:: Data shown ::
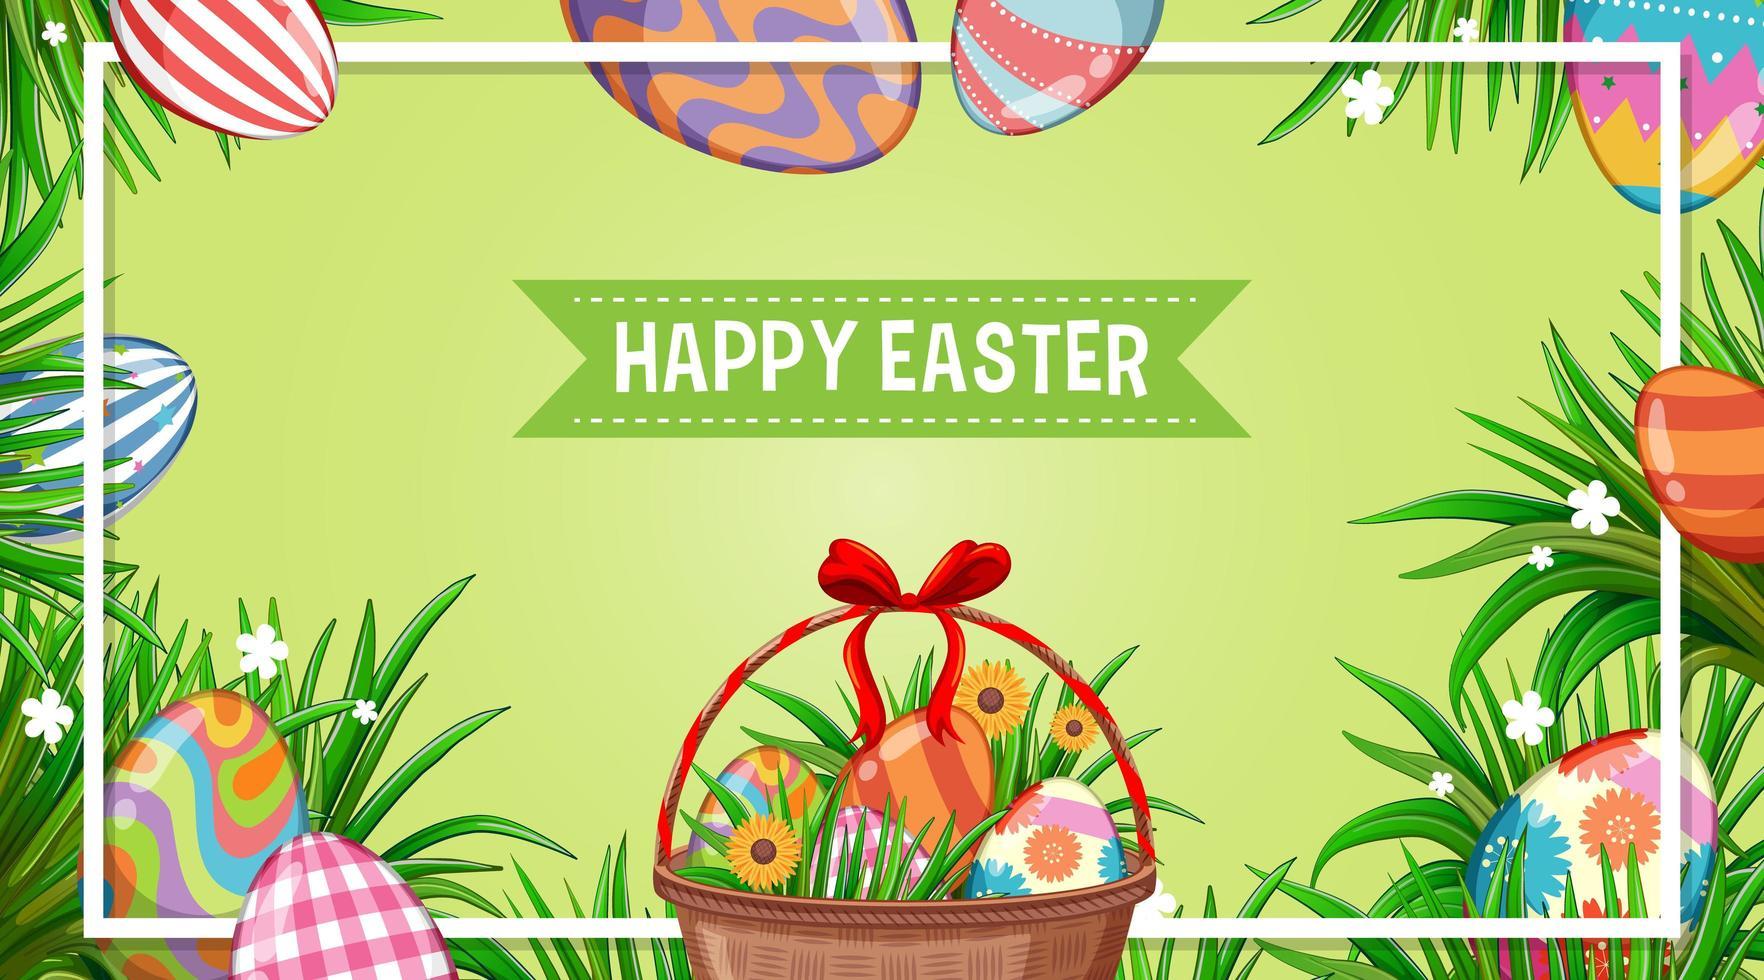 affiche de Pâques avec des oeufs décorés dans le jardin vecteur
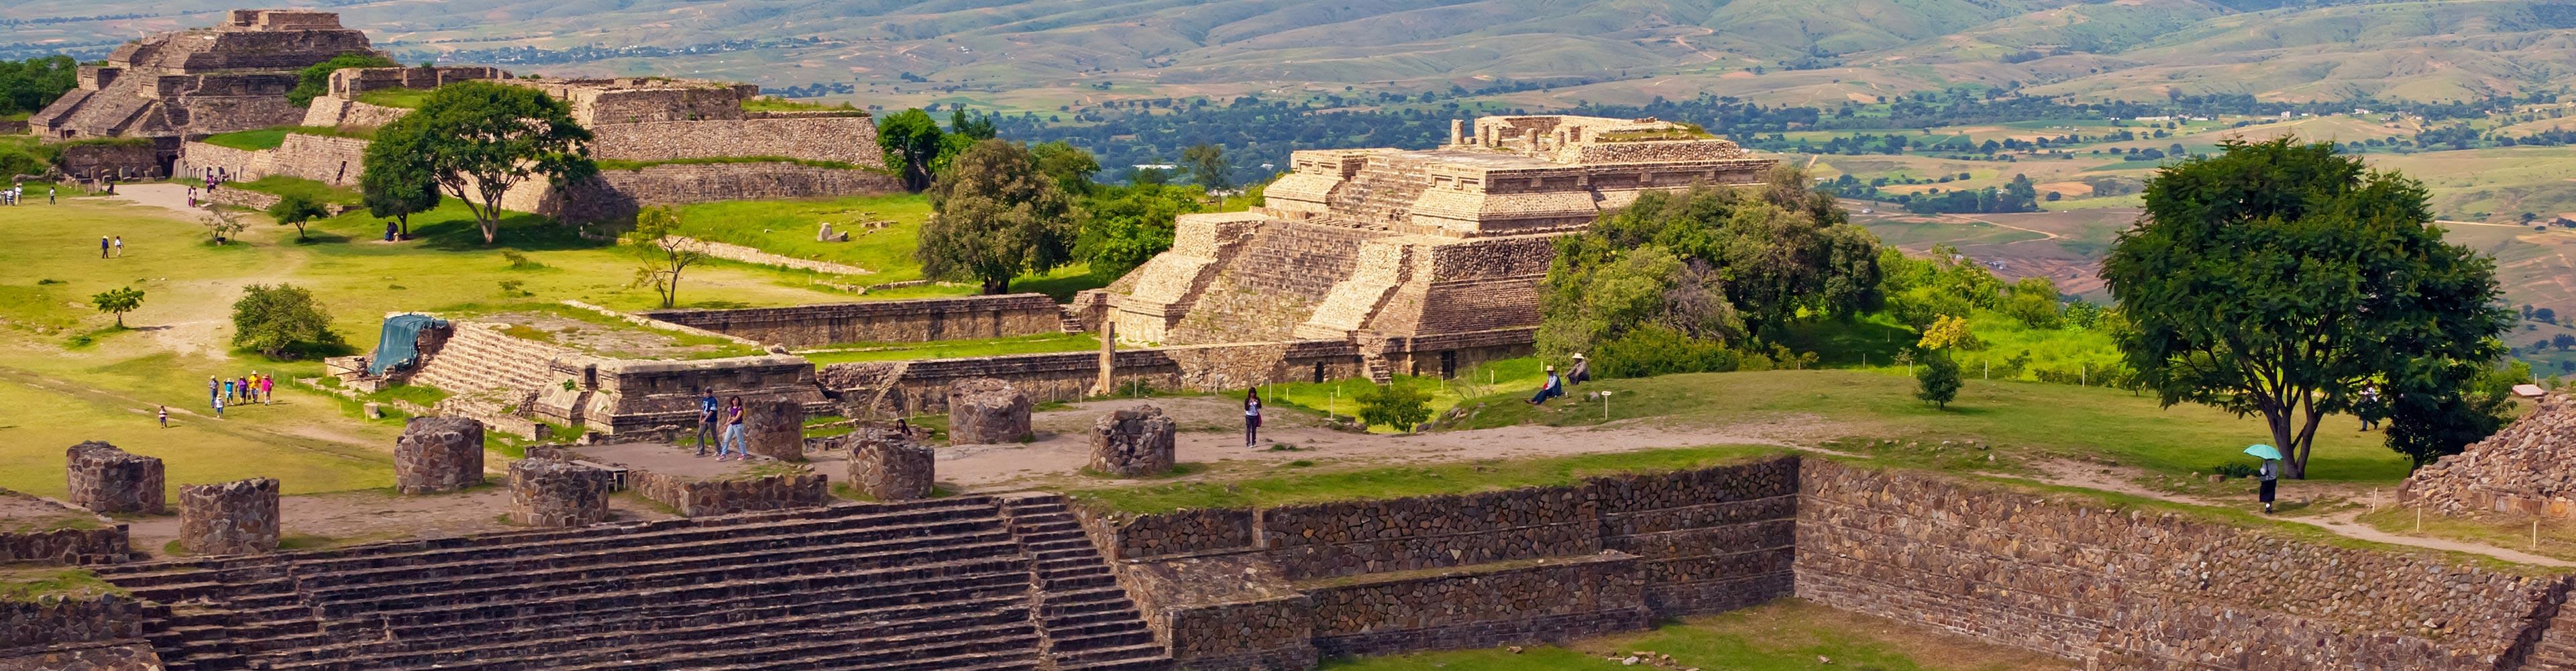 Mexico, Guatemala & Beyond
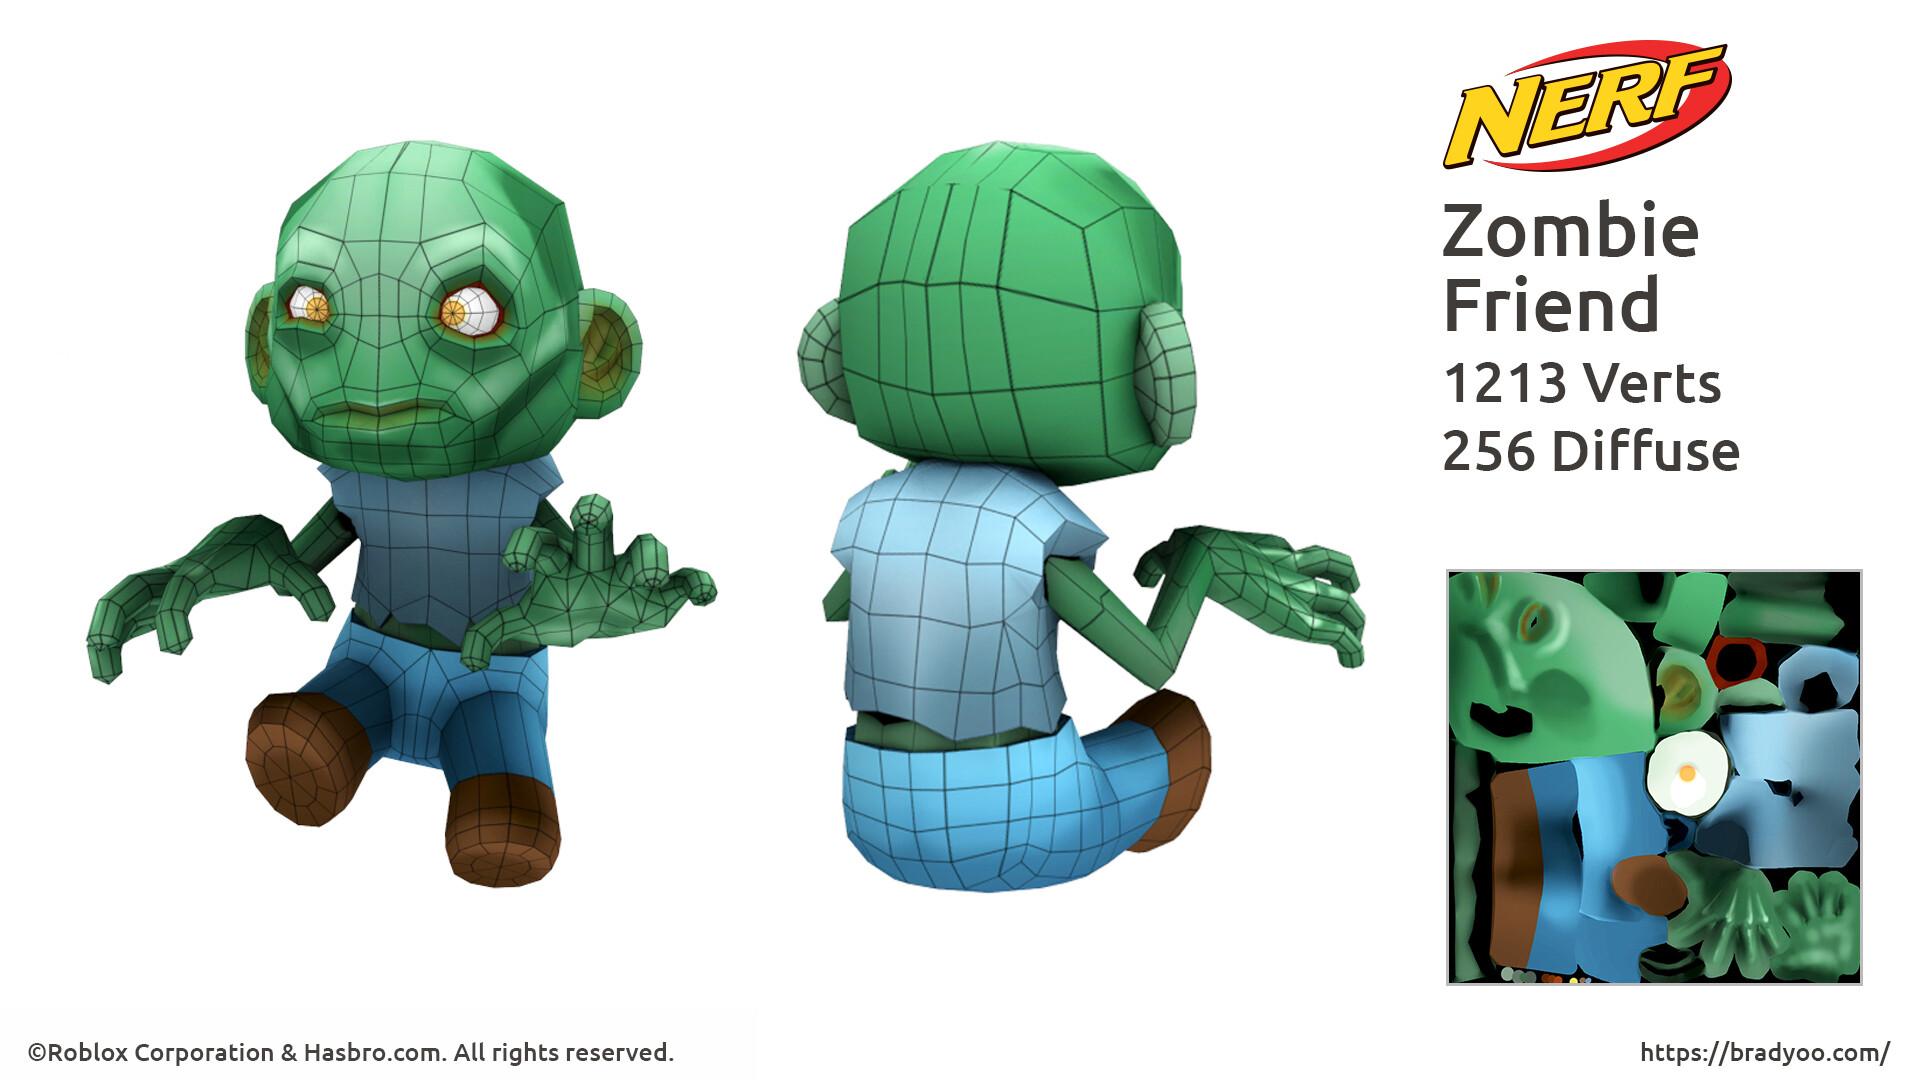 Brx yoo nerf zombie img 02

:: Task brief ::
All lines from the line containing "Mexico, Guatemala & Beyond" through the end of the listing above are to be given again exactly; pictures are not part of the copy.

:: Finished exercise ::
 Mexico, Guatemala & Beyond
 Brx yoo nerf zombie img 02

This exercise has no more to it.